Monday, 18 November 2013

The Cosy Mood of Brave England







Cosy is an inadequate word. It reeks of childish nostalgia and brings to mind snivelling estate agents trying to fob off inconveniently small living spaces. The word is often used to translate the Swedish mys and German gemütlich, yet these words hold a place in the hearts of Swedes and Krauts incomparable to the lowly position where cosy is regarded by the English. Cosy is quite nauseating and sentimental because of the way it has been co-opted by shrewd advertising executives seeking to manipulate consumers’ emotions in order to screw them out of a few quid come Christmas time.

It is this disdain for the concept of cosiness, seeing it as nothing but a vague feeling of comfort with no clearly defined value, utilised by shysters and idiots for insignificant purposes, that prevents us from sympathising with the way in which our Germanic cousins perceive the equivalent terms.

Gemütlich is ruthlessly dismissed by the Irish Francophile, Samuel Beckett in Mercier and Camier where it is used in the dishonest way in which cosy is so frequently employed.


“It’s snug…said the man, there is no other word. Patrick! He cried. But there was another word, for he added, in a tone of tentative complicity, whatever that sounds like, It’s … gemütlich.”
The drunken Mercier later chides the manager of the inn for using such language, “You have a curious way of managing, for a manager. What have you done with your teeth? Is this what you call gemütlich?”

Though far from an Englishman, Beckett was guilty of the English speaker’s prejudice against cosiness. My Swedish ex-girlfriend stressed to me the importance of mys on many an occasion but it took time for me to realise that this was not a universally understood concept and indeed the German regards gemütlich differently from how the Swede thinks of myset. In an effort to understand, I volunteered the cosy image of a log fire and learned that this was indeed considered mys. Yet other concepts of English cosiness were excluded from the Swedish definition, including for example houses with carpets, for these are alien to the pine wood floors of a Scandinavian home. Thus it seems mys is necessarily Swedish as much as gemütlich must be German in character. The people of these nations perceive these concepts in terms of the consolation they enjoy when experiencing the familiar and homely comforts that are proper to their respective peoples. Thus cosiness is inherently un-cosmopolitan. It is national. It is not universal or properly translatable, which is why cosy can never express what is truly meant by our continental cousins. The words mys and gemütlich are each used more frequently and less self-consciously than English words like snug or cosy. I suspect the true English equivalent is a satisfied exhalation prior to a leisurely gulp of ale.

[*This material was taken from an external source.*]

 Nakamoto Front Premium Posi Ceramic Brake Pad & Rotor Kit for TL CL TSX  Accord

There is a common link in language and feeling between us all though. Although the word mys is sometimes meant as snuggle and can even have sexual connotations (you know how Swedes are these days), the Swedish for brave is modig which is etymologically related to gemütlich which comes from gemüet “mind, mentality”, equivalent to gemüt “mind, soul.” Swedish modig can also mean “valiant, high spirited, courageous”, which is precisely what the Old English word módig (pronounced moody) used to mean. We still have a remnant of this word with the modern English mood. So how did brave become moody in England and cosy in Germany? Well, the Old English noun mód could mean mood in general, but was also related to what we now call the ego or the will. It was associated with arrogance, pride, violence and power but was also used in other words with very different associations. The adjective ánmód means steadfast, fierce, resolute” while módcearig means sorrowful of heart.” Thus mood was used to describe emotion, mind, heart and will. 

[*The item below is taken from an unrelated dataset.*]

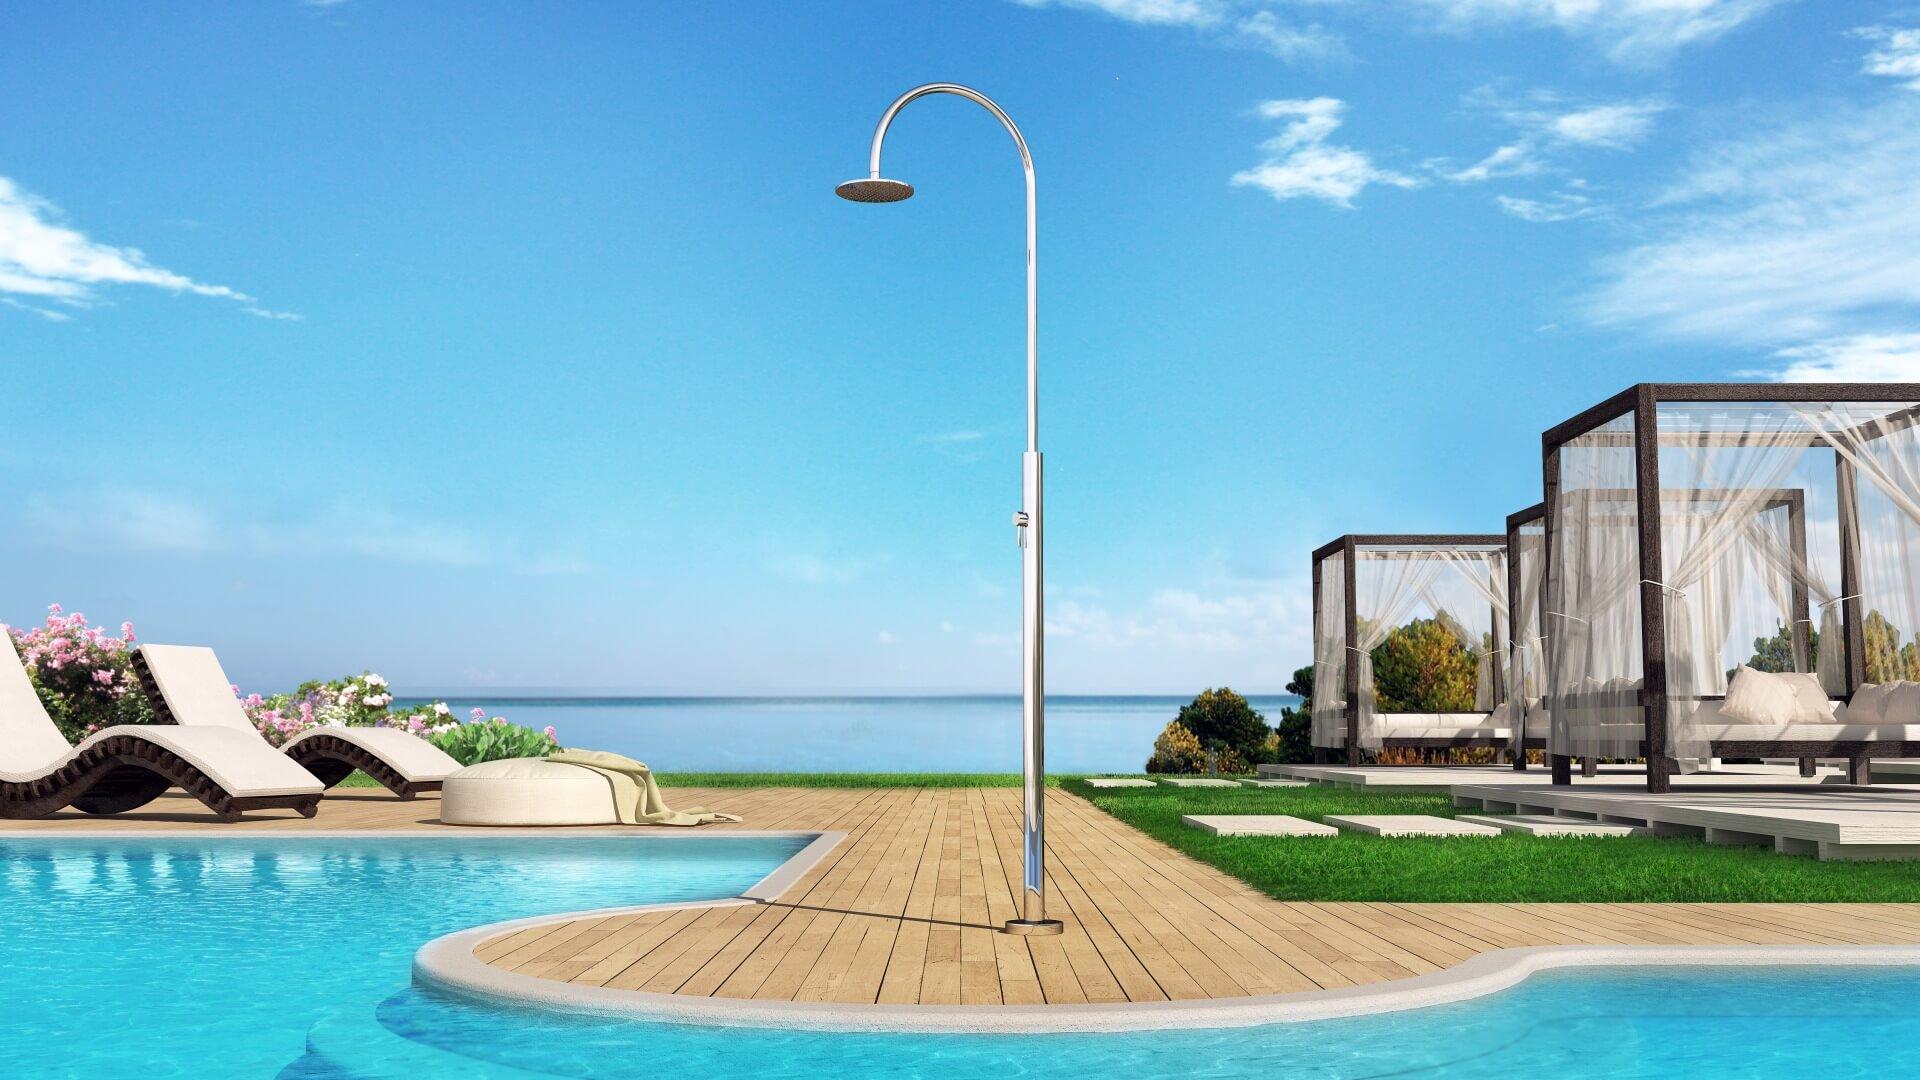 Photo douche extérieure, piscine, jardin - Aria Cylinder Inoxstyle

Swedish, English and German are all descended from a common language known as Proto-Germanic, which in turn comes from Indo-European. The reconstructed proto-Germanic equivalent of mood is  mōdą, mōdaz “sense, courage, zeal, anger” and the Proto-Indo-European is -, - “endeavour, will, temper.” The brave meaning of mood is retained in other Germanic languages such as Dutch moed and Scots mude, muid, but the Icelandic móður, meaning “grief, moodiness”, is more similar to the English word moody.

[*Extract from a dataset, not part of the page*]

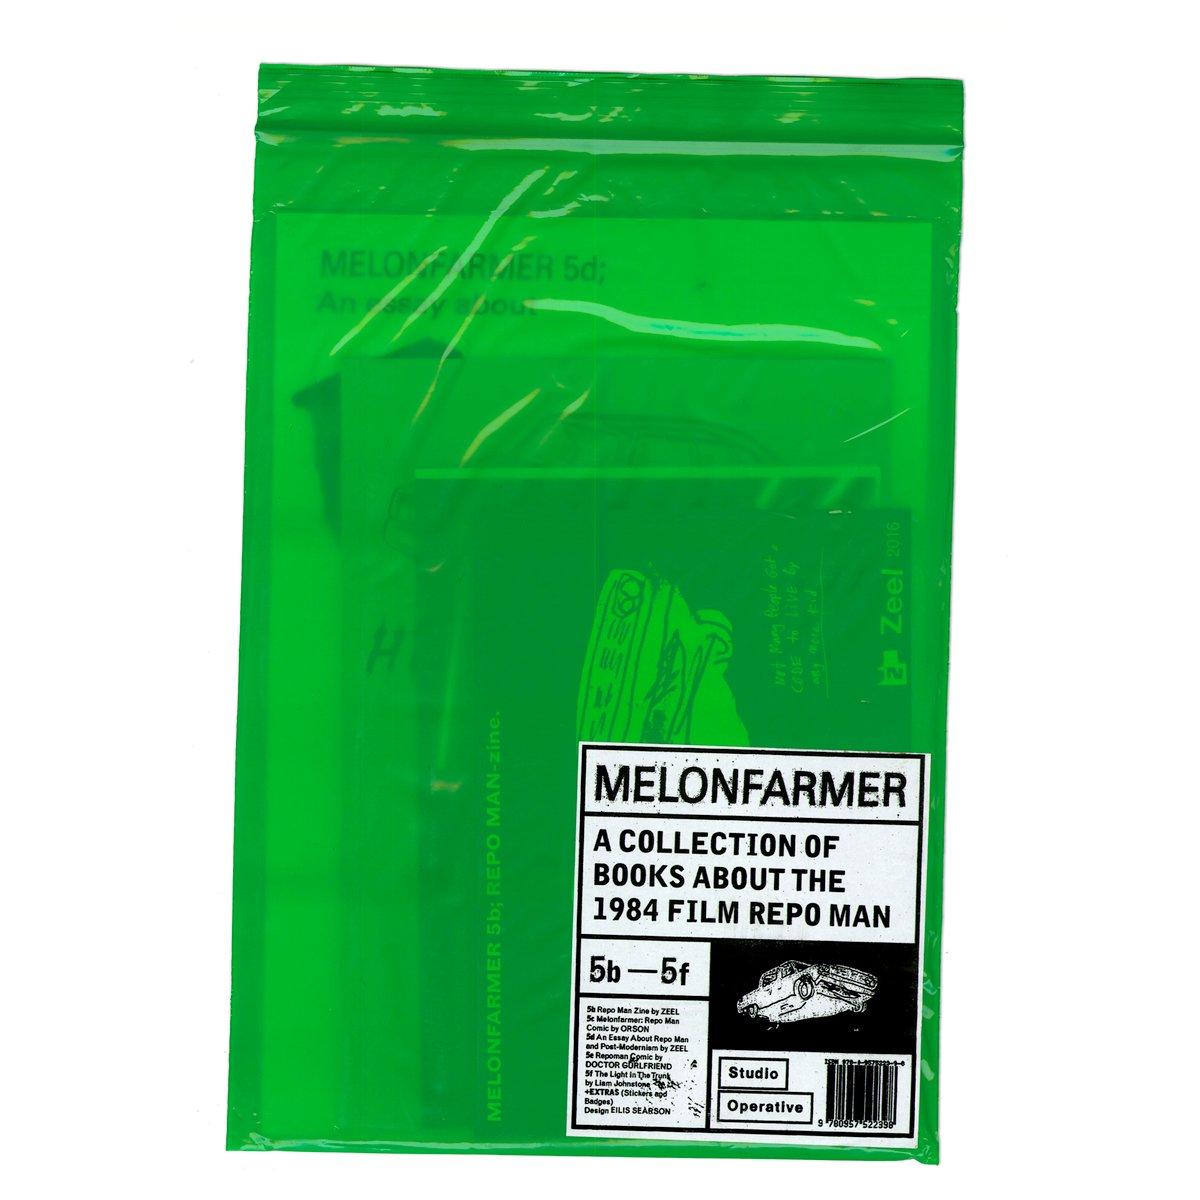 Image of Melonfarmer 5b-5f

We still understand mood to designate distinct atmospheric emotions, yet to be moody is now exclusively negative. This might have something to do with the Old English word ofermod which means “pride” and has therefore been regarded as a sin for centuries.But it's interesting to consider when one is in a “good mood” that these two words are etymologically related to words meaning God and soul. Little wonder that gemütlich is so important to the Germans; for mood and atmosphere which put us in touch with our national past and the associated aesthetics, remind us of our position in space and time. The familiar and consoling effect of architecture, interior design, art and old fashioned activities remind us of who we are, speaking to our “heart, mind, soul” and easing the módcearig of the modern age.